== Segment start ==

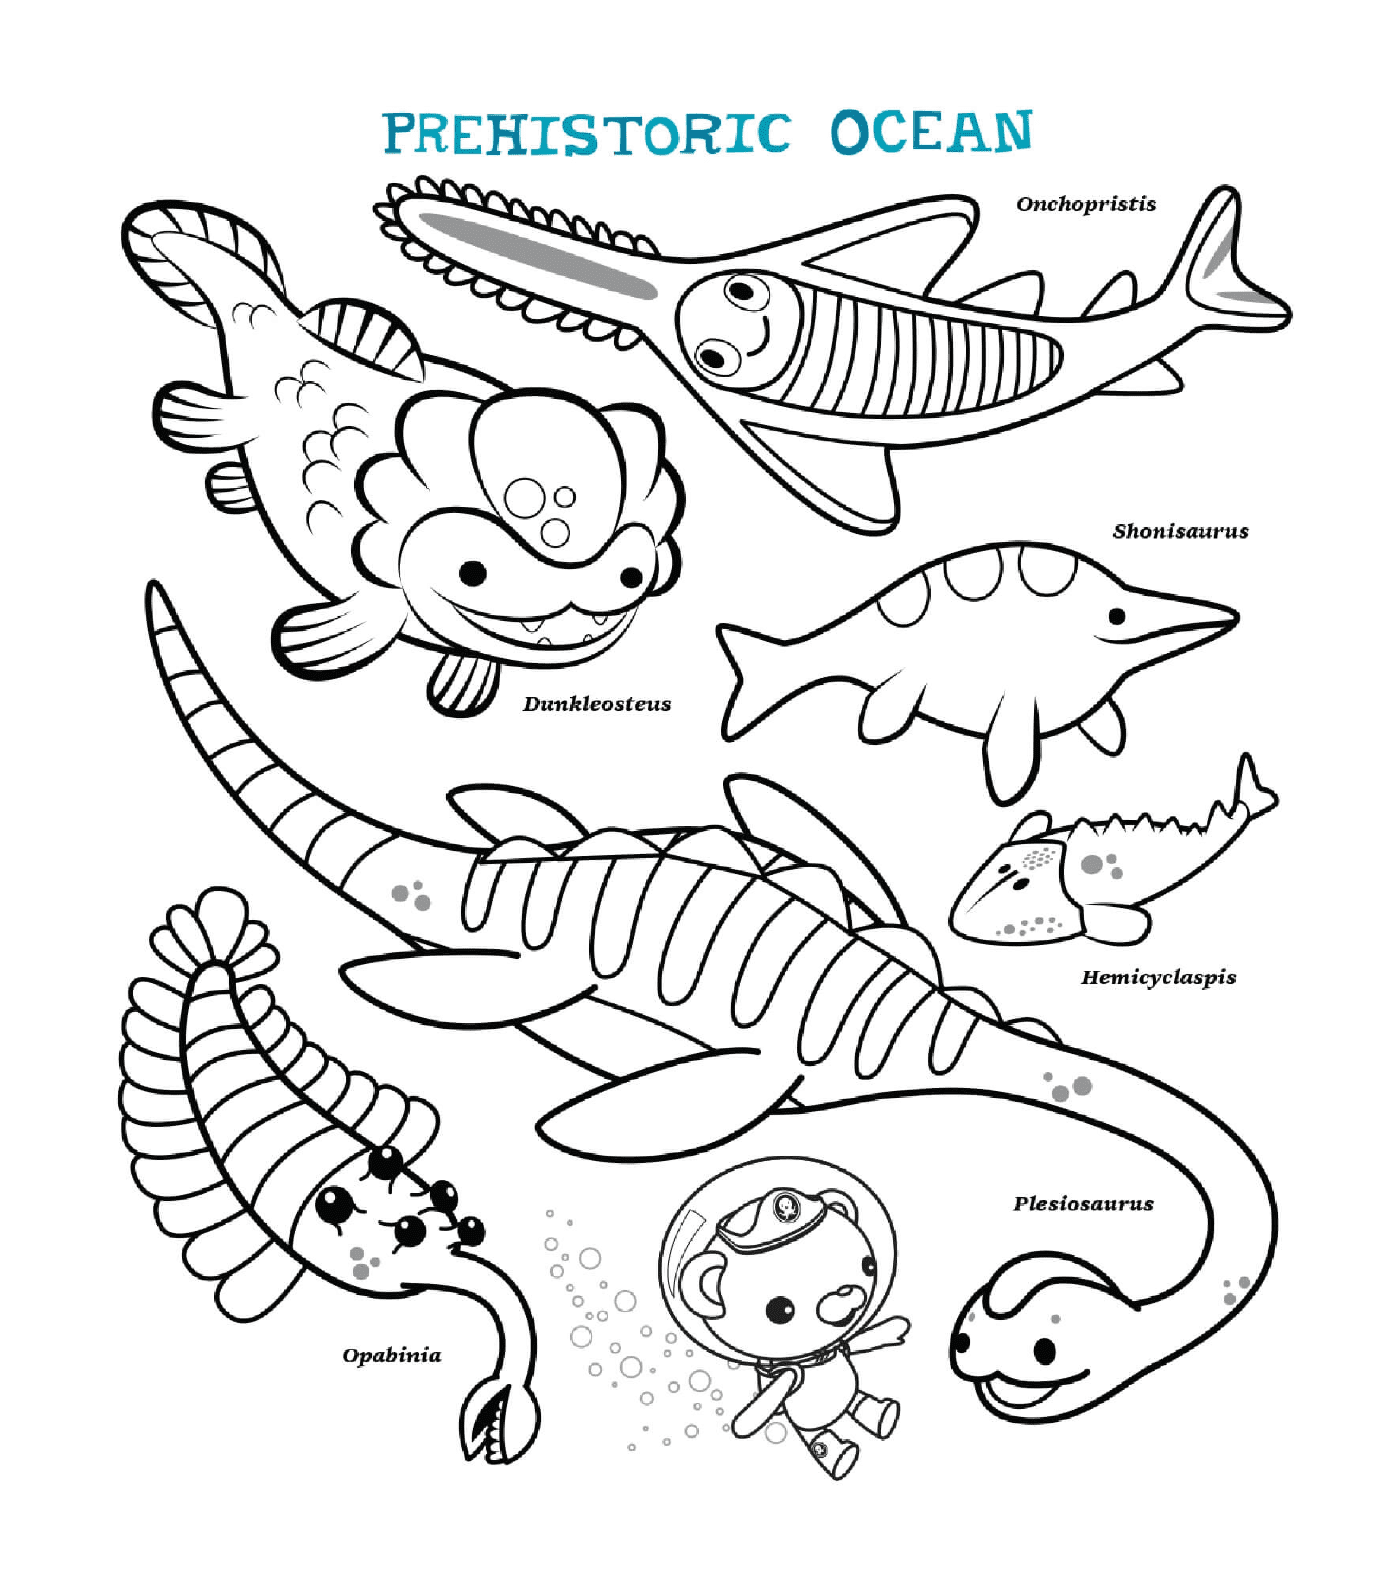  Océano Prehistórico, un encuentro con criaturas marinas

== Segment end ==
== Segment start ==

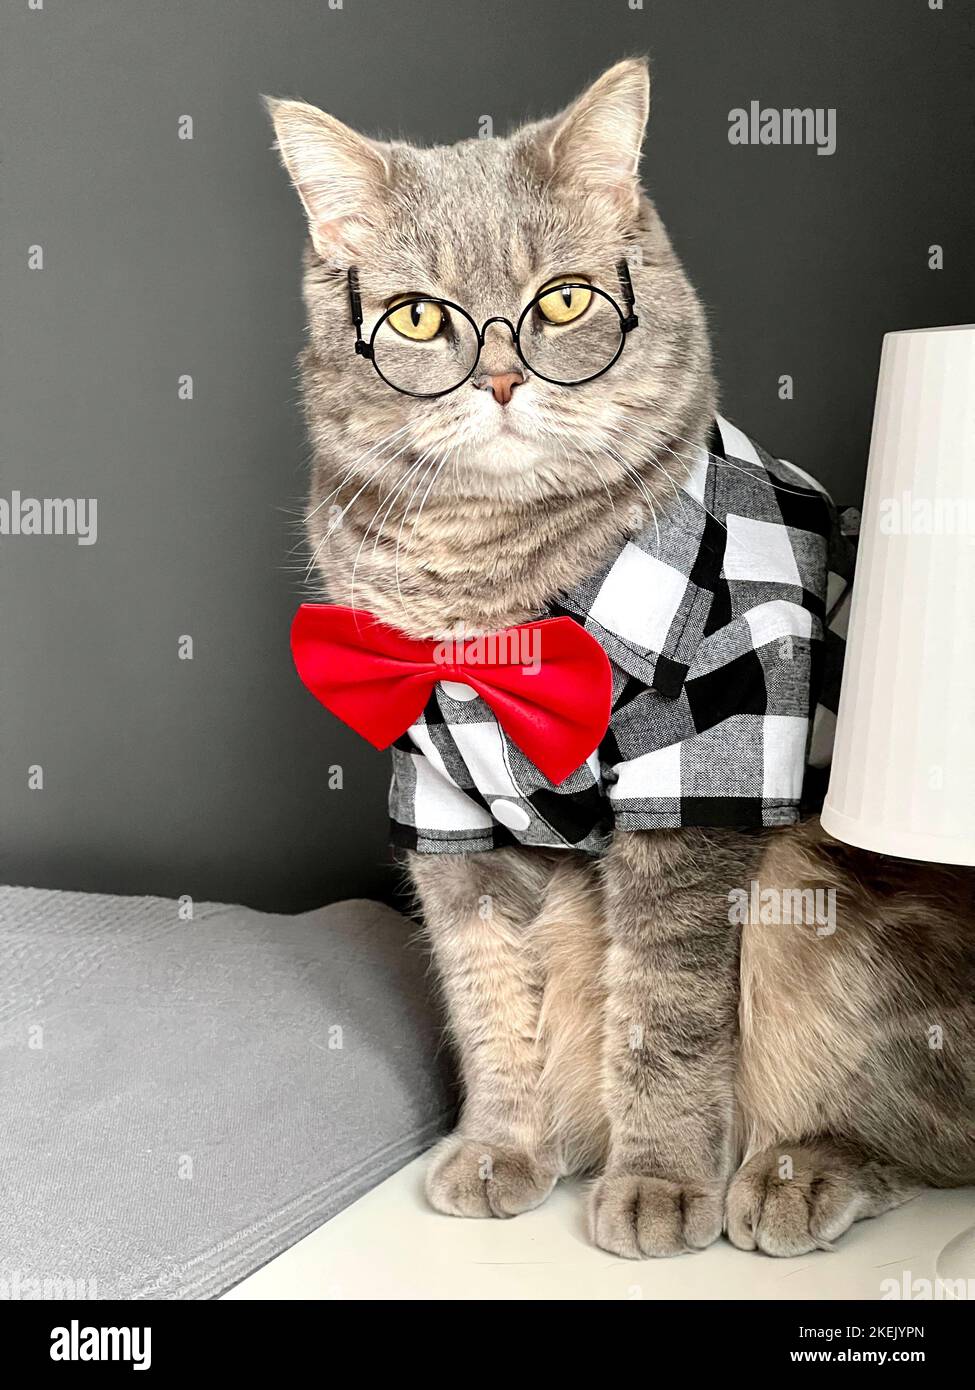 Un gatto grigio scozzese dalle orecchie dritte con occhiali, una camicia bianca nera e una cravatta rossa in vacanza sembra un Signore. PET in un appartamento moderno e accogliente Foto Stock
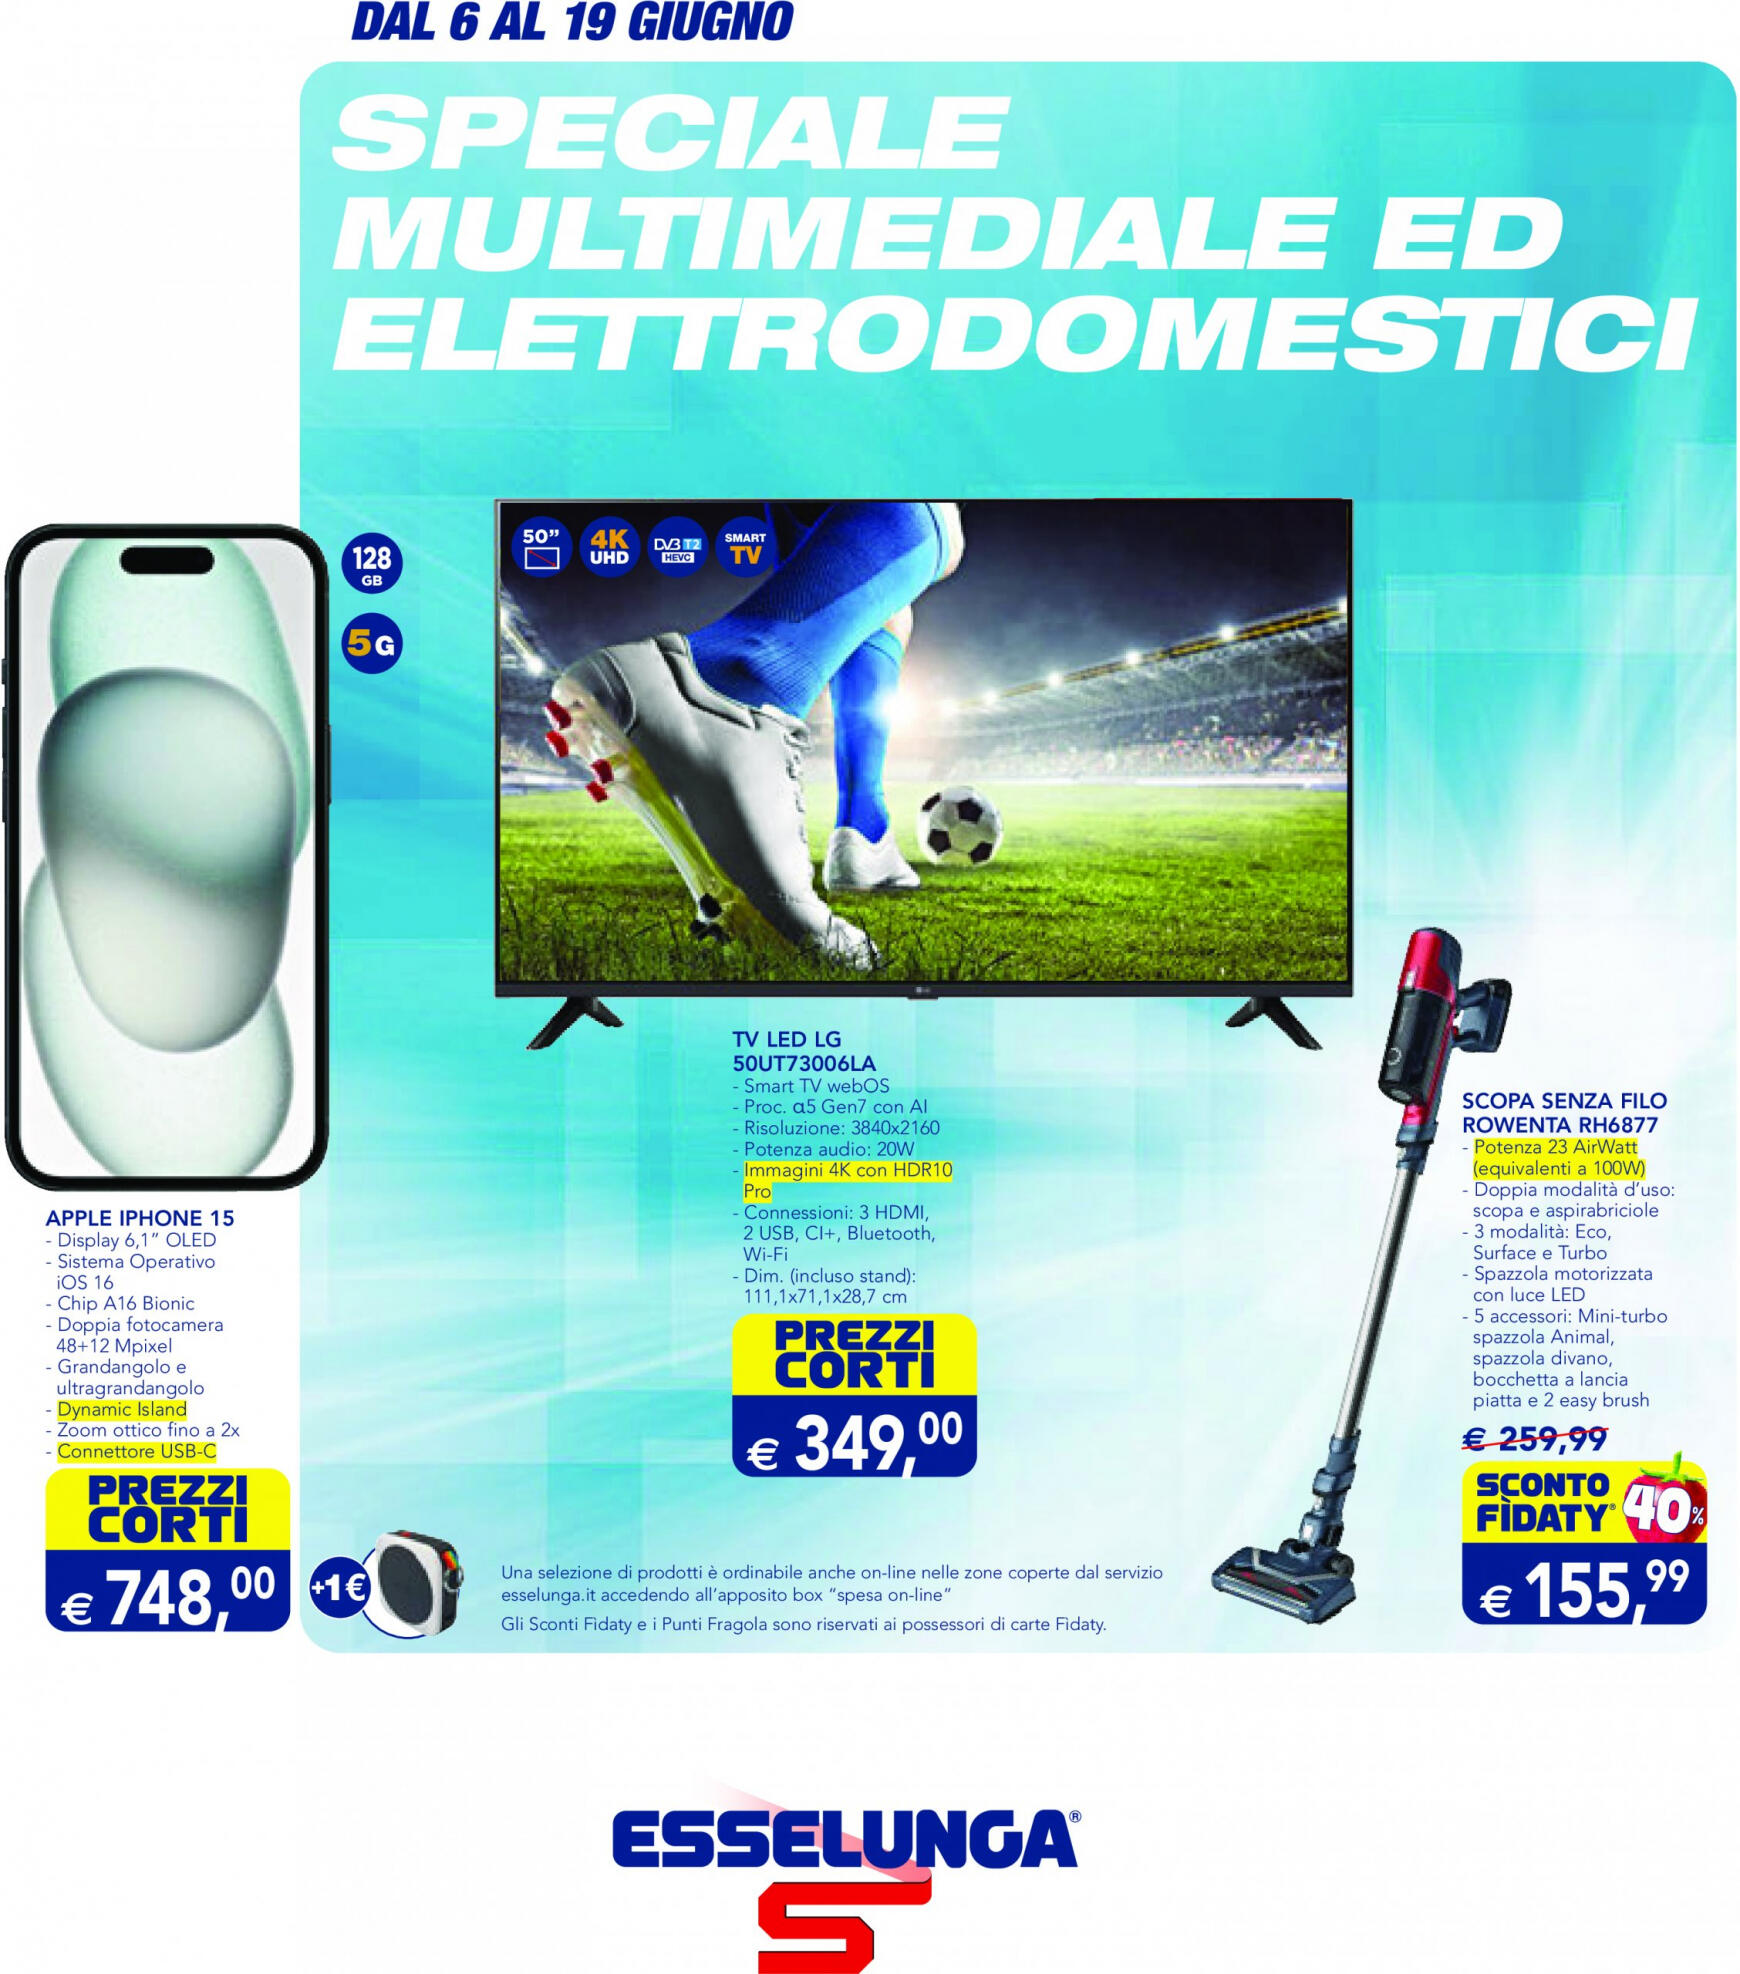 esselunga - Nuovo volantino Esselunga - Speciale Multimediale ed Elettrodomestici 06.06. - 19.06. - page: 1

== Segment end ==

■ PROBLEM ■
Copy exactly the lines of the entries above from the one containing "Un gatto grigio" through the one containing "esselunga - Nuovo". Both end lines count; pictures do not.

■ RESULT FOR THIS TASK ■
 Un gatto grigio scozzese dalle orecchie dritte con occhiali, una camicia bianca nera e una cravatta rossa in vacanza sembra un Signore. PET in un appartamento moderno e accogliente Foto Stock
 esselunga - Nuovo volantino Esselunga - Speciale Multimediale ed Elettrodomestici 06.06. - 19.06. - page: 1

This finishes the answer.